The lawsuit doesn’t identify the disability, but he has said previously that it made him unfit for duty as a trooper. The board that oversees the retirement system for state police officers later denied Karp’s request for a disability retirement, saying he didn’t meet the legal requirements.
Karp was put on leave and under investigation in 2017 after a Capitol employee reported receiving unsettling Facebook messages from Karp. In them, Karp sought to begin a romantic relationship, warned that her relationship with another man was “heading in a harmful direction” and said he would “ask for the LORD God to help clear your heart” when she rebuffed him.
The woman and others were concerned, in part, because Karp had previously discharged a rifle in the workplace. A termination letter accused Karp of “intimidating, threatening and unwelcome” interactions with colleagues.

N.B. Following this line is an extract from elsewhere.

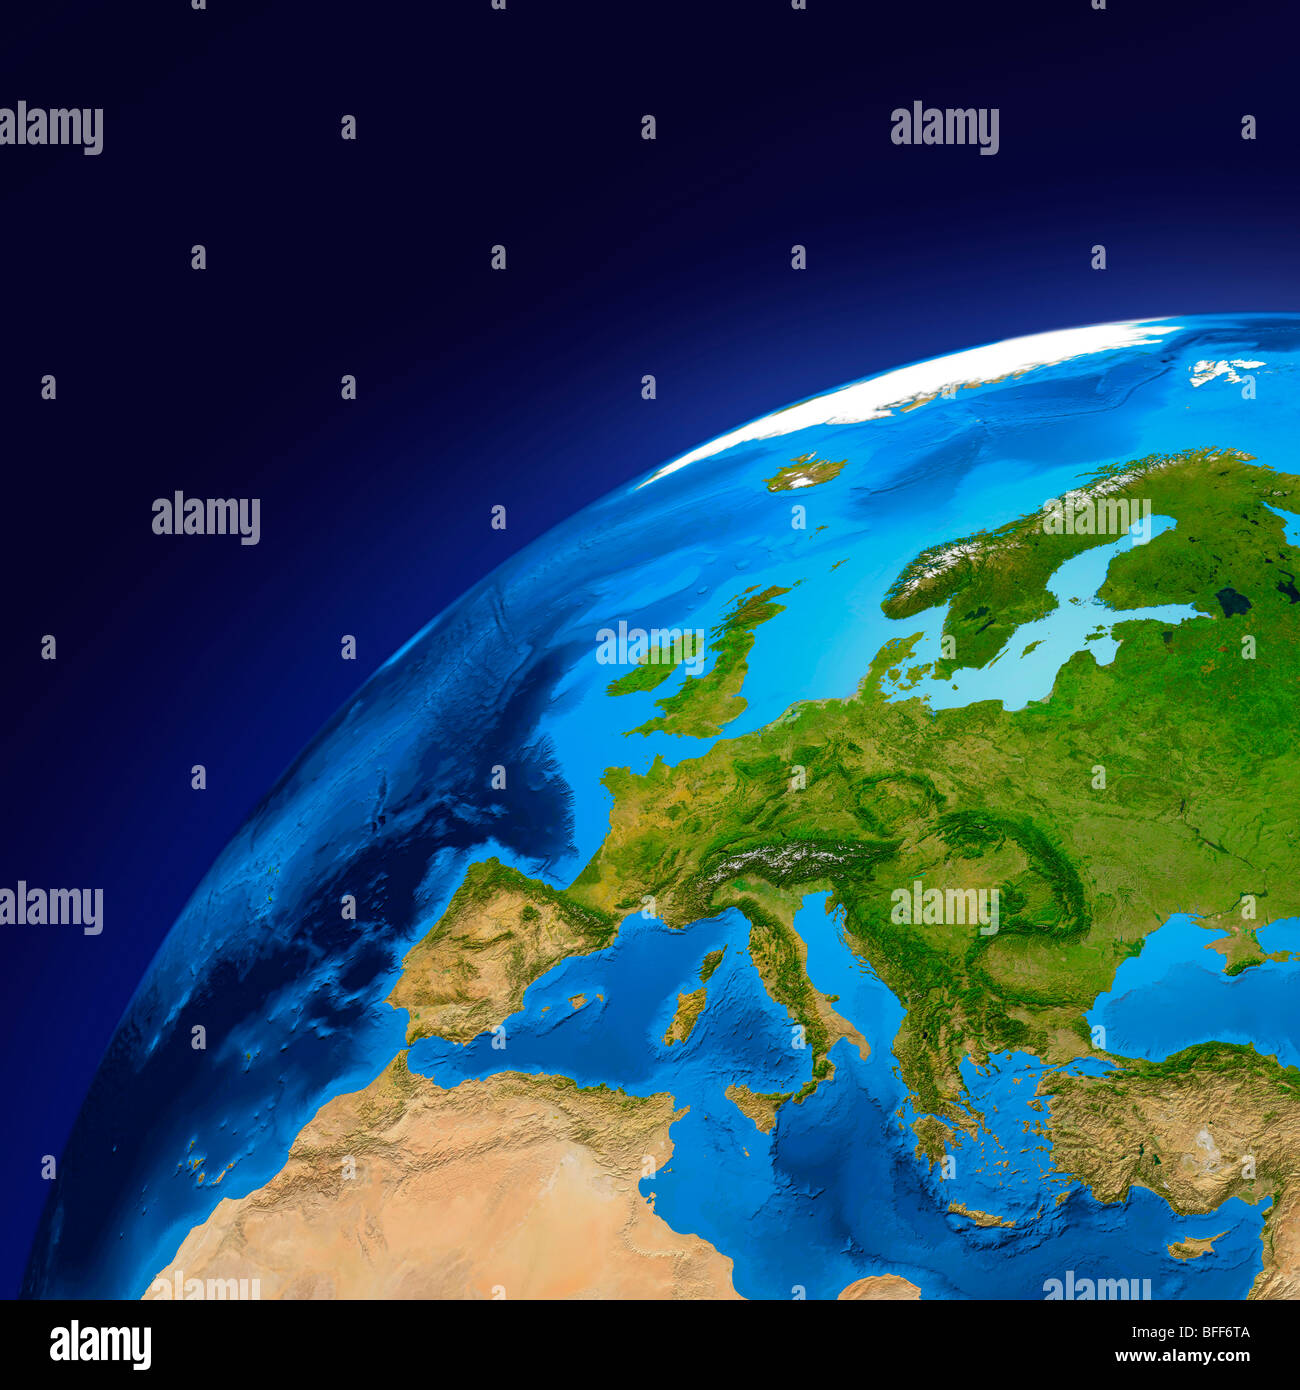 View of the Earth globe from space showing European continent Stock Photo

But Karp’s lawsuit alleges his termination was without “just cause” and inconsistent with the state’s progressive discipline policy. His attorney has said the Facebook messages weren’t intended to harass and that he stopped them at the woman’s direction.
The lawsuit also alleges that the lengthy inquiry into Karp’s alleged misconduct was defective and included unspecified “illegal and improper actions” by investigators. It seeks damages for lost wages and emotional distress.
A state patrol spokesman, Sgt. Alex Dinkla, declined comment.
The case was a test of Gov. Kim Reynolds’ strict policies forbidding sexual harassment in the workplace and punishing offenders and supervisors who fail to report it.
The employee who reported Karp’s messages has alleged that a patrol captain who oversaw Capitol security took no action on her complaint, and that she was advised he would be protected due to his political connections. A state investigation cleared the captain of wrongdoing.